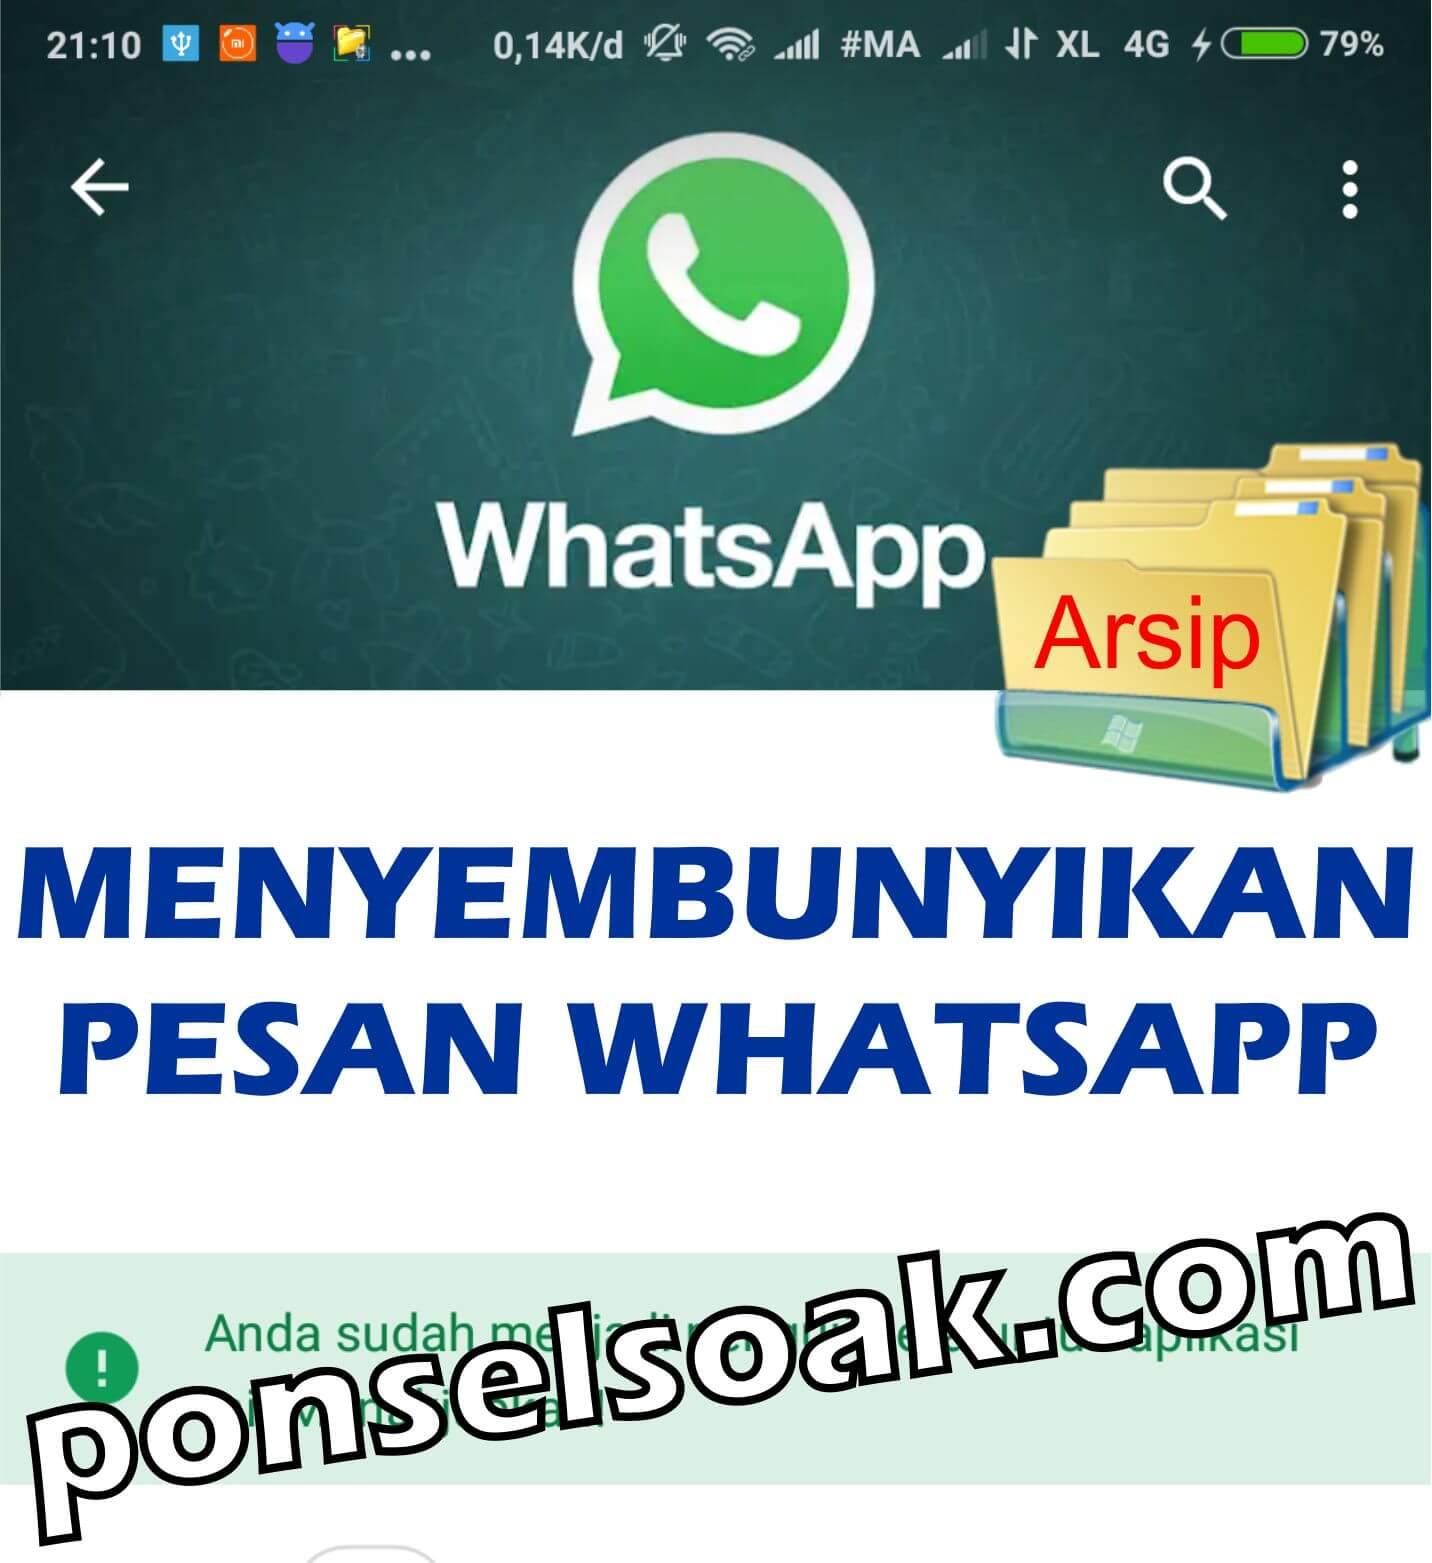 Cara Menyembunyikan Pesan WhatsApp Tanpa Menghapusnya
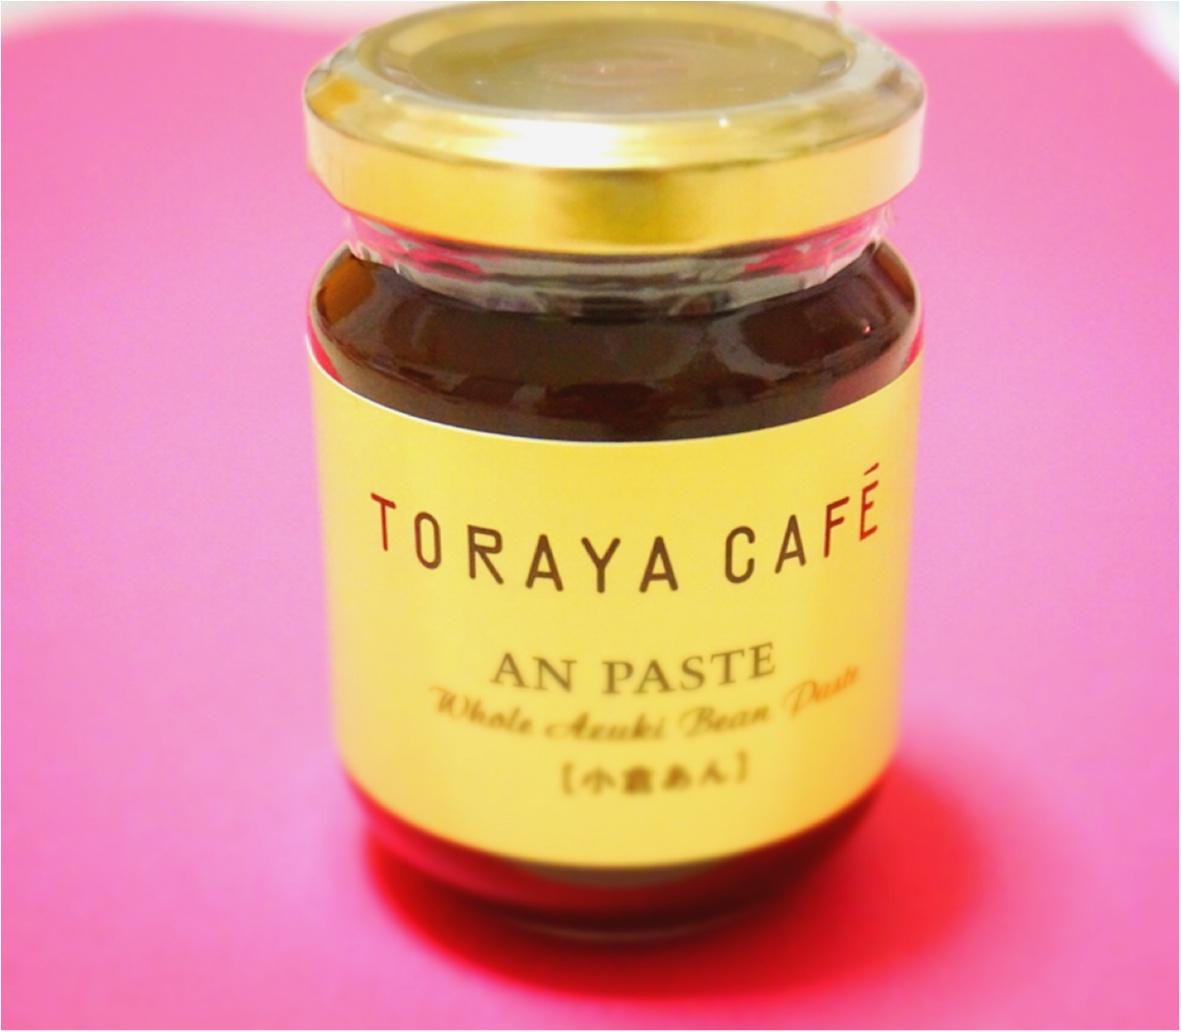 年末年始の手土産にも❤️️【TORAYA CAFE】でしか買えない《新感覚ジャム》がおいしすぎるっ_4
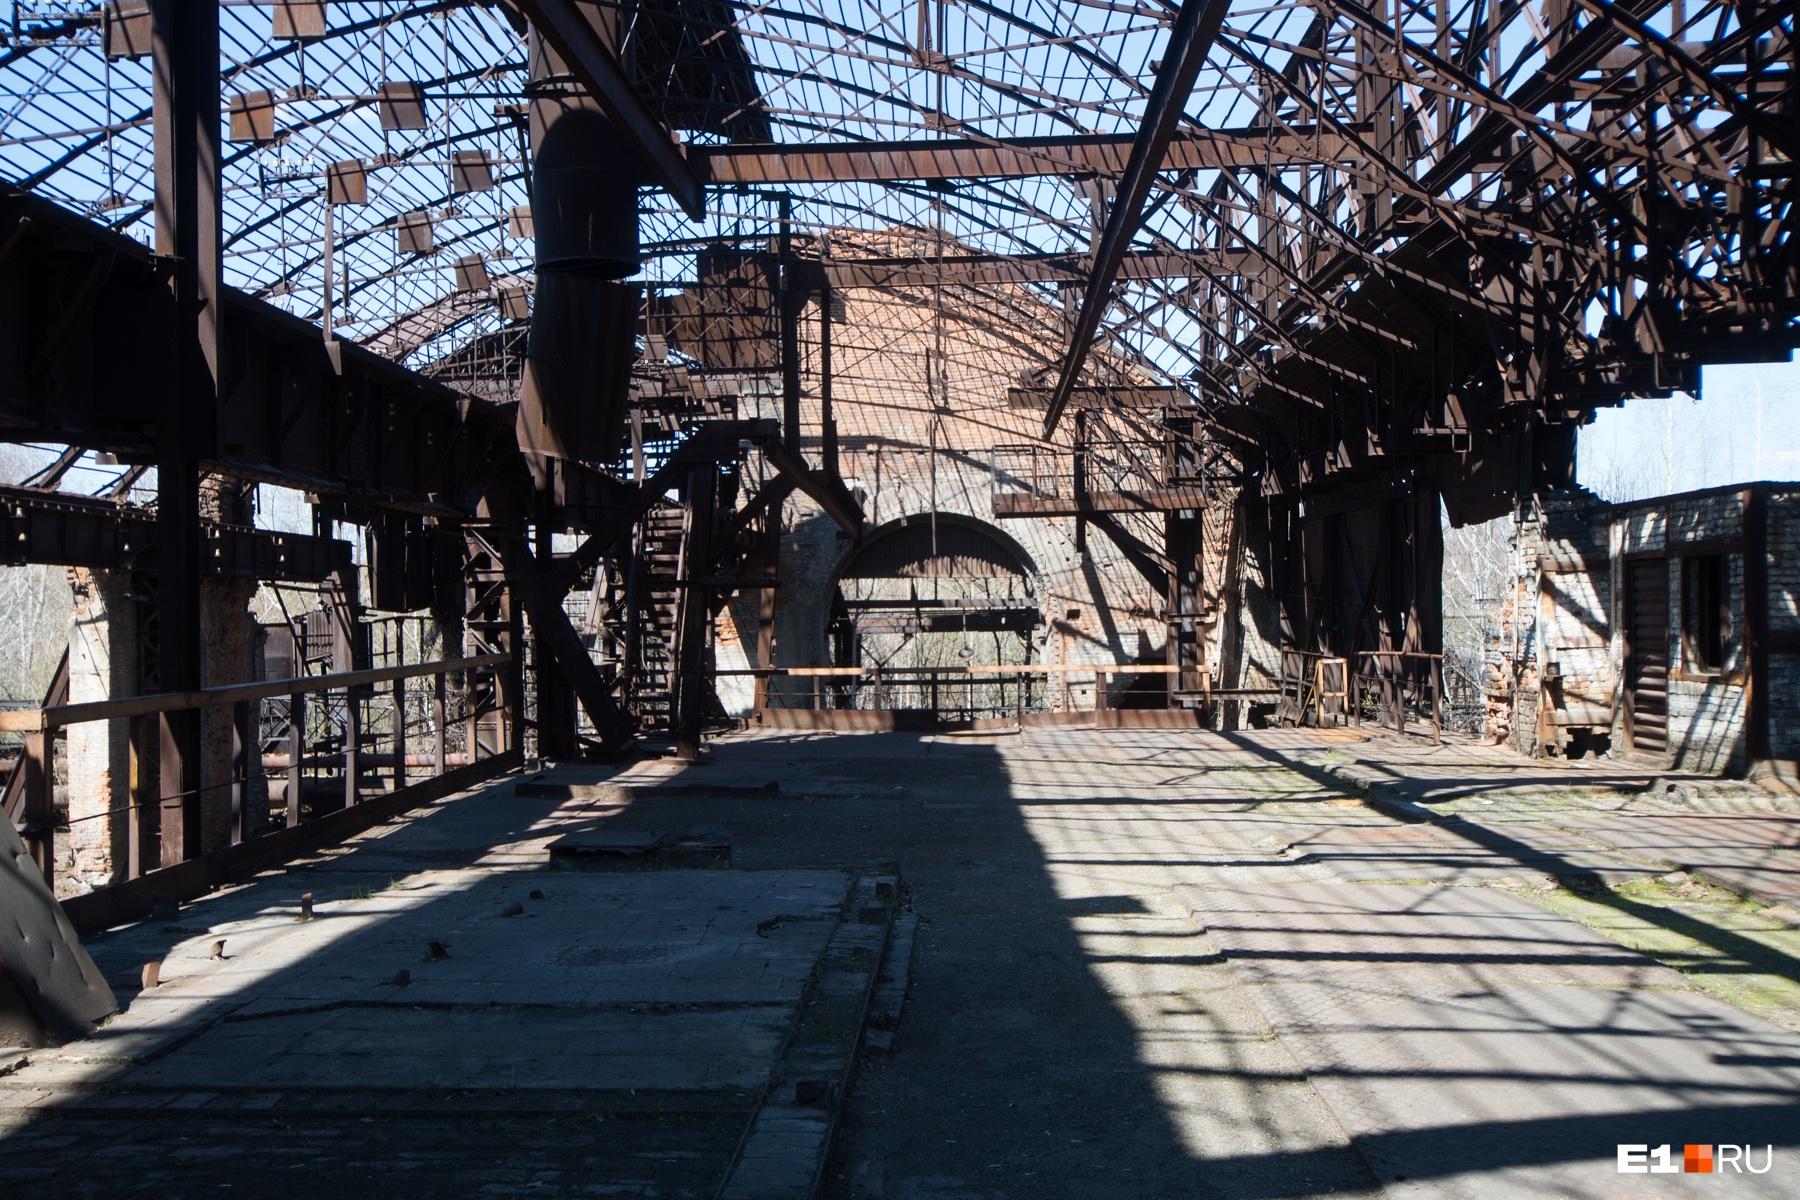 Мартеновский цех построен в духе промышленного классицизма
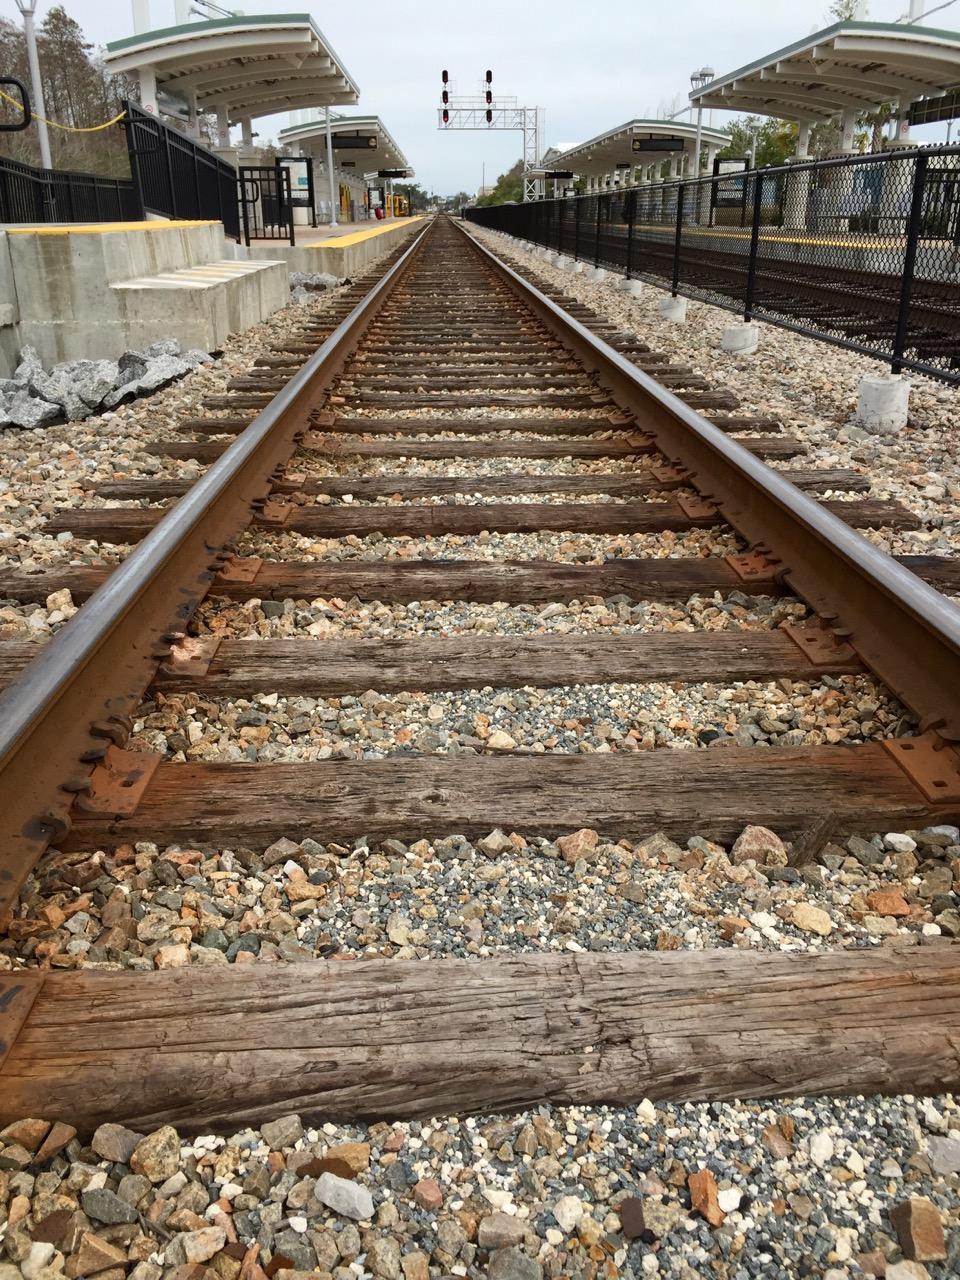 Sunrail Tracks at Sand Lake Road Station

※ ※ ※

__TASK DETAILS__
A word-for-word copy of the lines from the one with "Мартеновский цех построен" through the last line of the data above is required, with both end lines included and no pictures.

__SOLUTION FOR THIS PROBLEM__
 Мартеновский цех построен в духе промышленного классицизма
 Sunrail Tracks at Sand Lake Road Station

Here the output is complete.